Version two is, you can see, very similar. Personally I consider this a ‘start’ to understanding the risks inherent in a WordPress upgrade. If you held a gun on me and demanded I explain where I got the numbers, I would call them educated guesses, based on the forums, the mailing lists and my personal experience. Dad would say ‘Expert Judgement.’
My next steps are to read up more on the process of using decision trees, directly in relation with software. While I certainly will also be looking into how a tornado in downtown Chicago would impact my office (can I get to work? No? Okay, so VPN. Can it take 5,000 people at once? Based on Snowmageddon last year, no. etc etc and so on), understanding the logic trees behind the forms is always my first step.
To my WordPress friends, please let me know if I scored things too high or low in this one!

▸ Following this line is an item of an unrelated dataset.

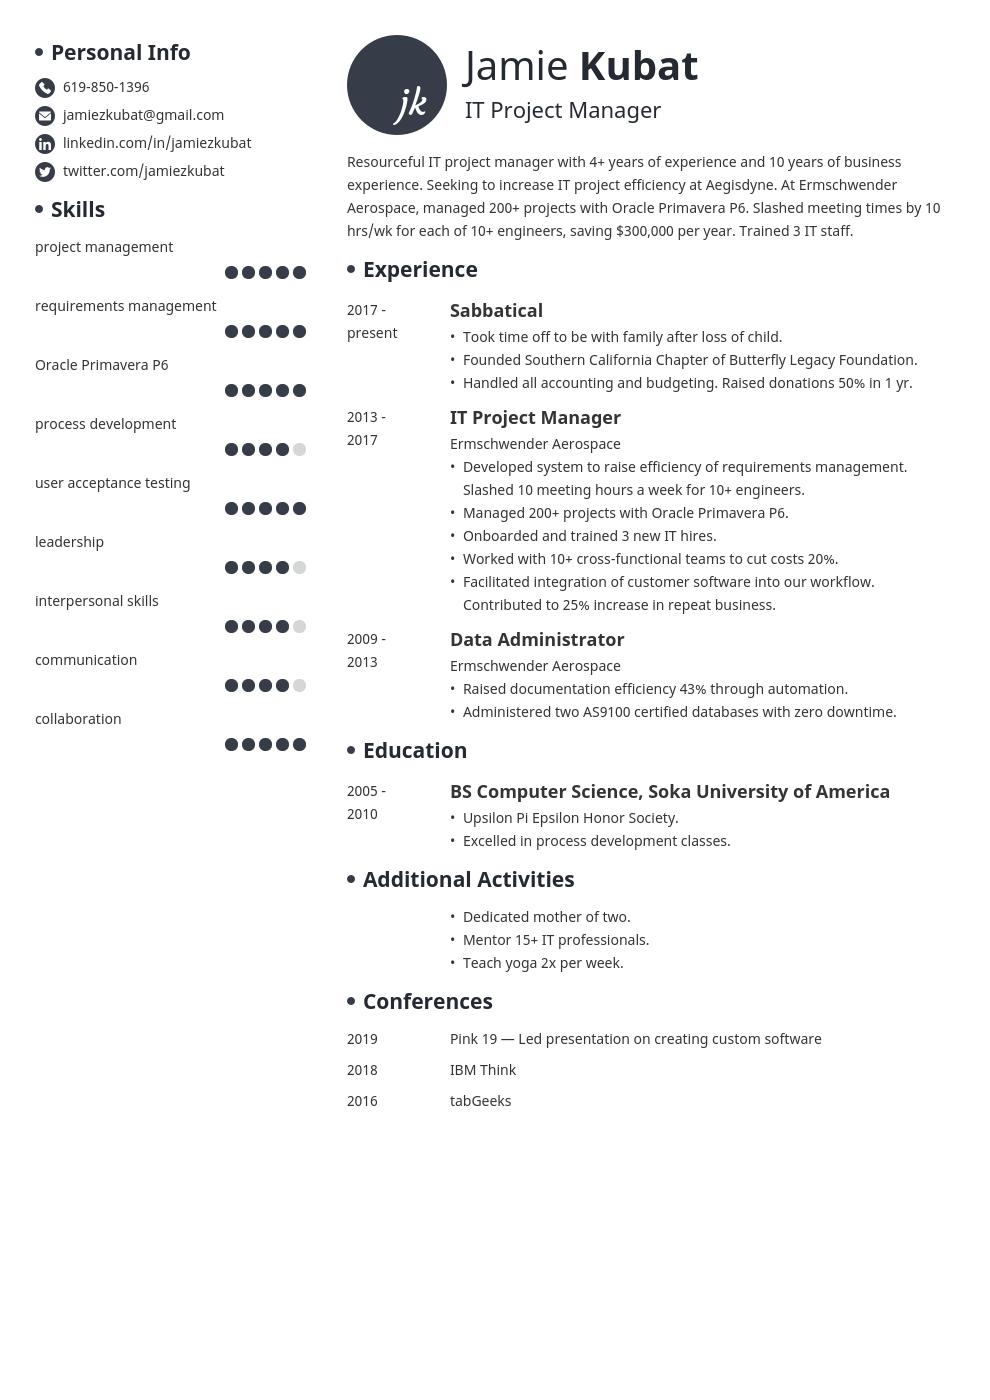 resume employment gaps template initials uk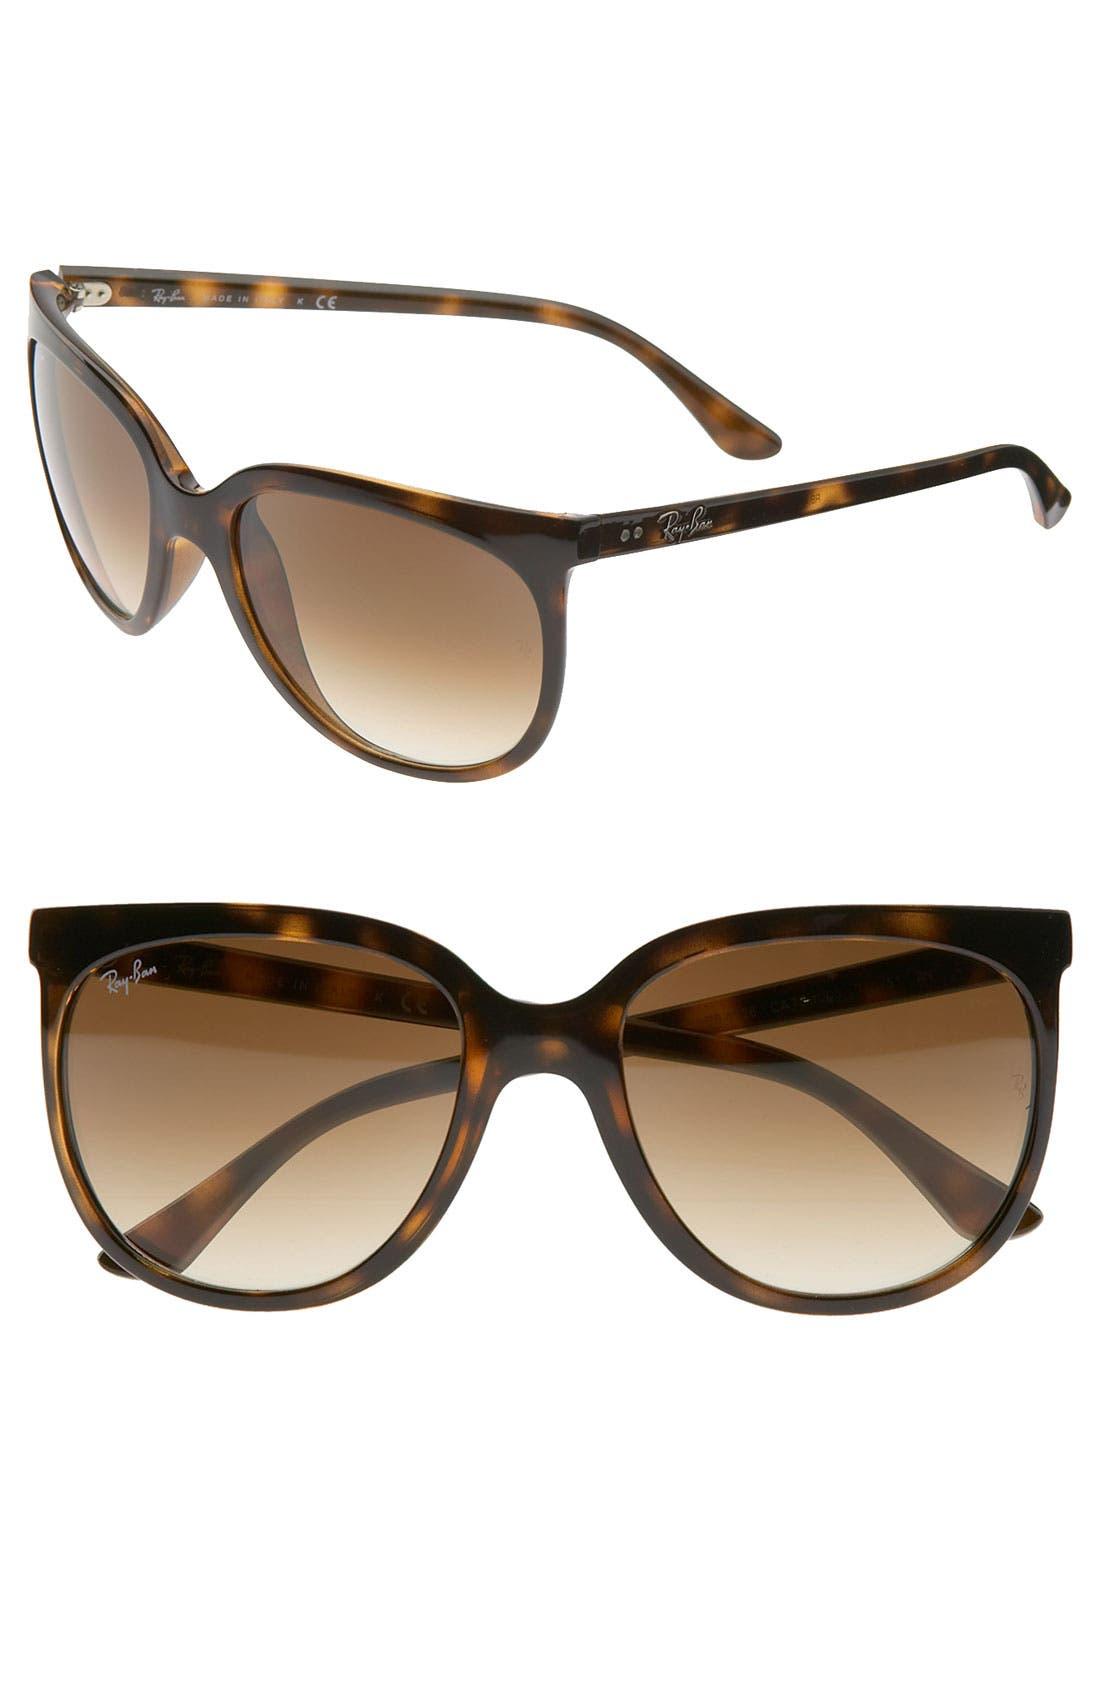 Retro Cat Eye Sunglasses,                             Main thumbnail 1, color,                             Havana

To the rest of you, if you use these sorts of things in your jobs and, if so, how. I’d love to see some real-world applications outside the financial world!
Comments
6 responses to “How Likely Is It That My Upgrade Will Fail?”
I’d say you scored the risk of running ‘unstable’ versions too high, especially SVN. My website has been running on trunk for a while now (just under a year, I think) and I’ve never noticed a significant problem with the stability of the code. Occasionally there is a plugin conflict here and there (like JJJ’s snack menu overwriting the ‘My Sites’ menu in the 3.3 beta), but nothing crazy.
What’s most unstable about using the pre-release versions in my experience is developing on top of them, since many of the new functions, APIs, etc. may be changing rather drastically before final release; sometimes the old ones too.
I’m also entirely open to the possibility that my experience is wildly out of touch with reality.
😉
I based the svn that high because of the number of trac tickets I’ve opened due to little things like ‘No full screen option in HTML view’ or ‘can’t add any links.’ I run trunk, sync’d four times a day, but I do run into problems and oddities that need fixing. Most of the time a followup ‘up’ fixes them, but they very fact that I have to go in and manually do that raises the risk. Basically by svn’ing, I’m in a constant state of ‘this could break at any moment.’
Stability doesn’t mean ‘My site doesn’t crash’, here, it means ‘My site works front and back without any issues.’ And that simply cannot be said of SVN (or nightly for that matter). It mostly works, but it does have problems. Otherwise we’d not have 4 betas before RC-1, eh?
I seem to have buggered my own post…
There’s a reason we rely more on automated code deployments than anything manual (not that I don’t think WP manual upgrades are safe as houses). Basically by using svn, I’m in a constant state of ‘this could break at any moment.’ And by factoring in the extra software (svn) we again raise risks. The more you SVN, the less risky it becomes though, which is a totally separate post.
How much does the complexity of the site matter? Does it have a place in your assessment?
Not as of yet, since I was taking a ‘standard single site install of WP’ as my benchmark. Though the basic tenets stay the same: The more complex the site, the more chances for breakdowns. But the basic risk of the upgrade (in this case ‘should I use SVN, Stable, etc when I upgrade’) would remain the same – Use Stable if your system’s complex.
Well… really ‘Test a lot if your system’s complex.’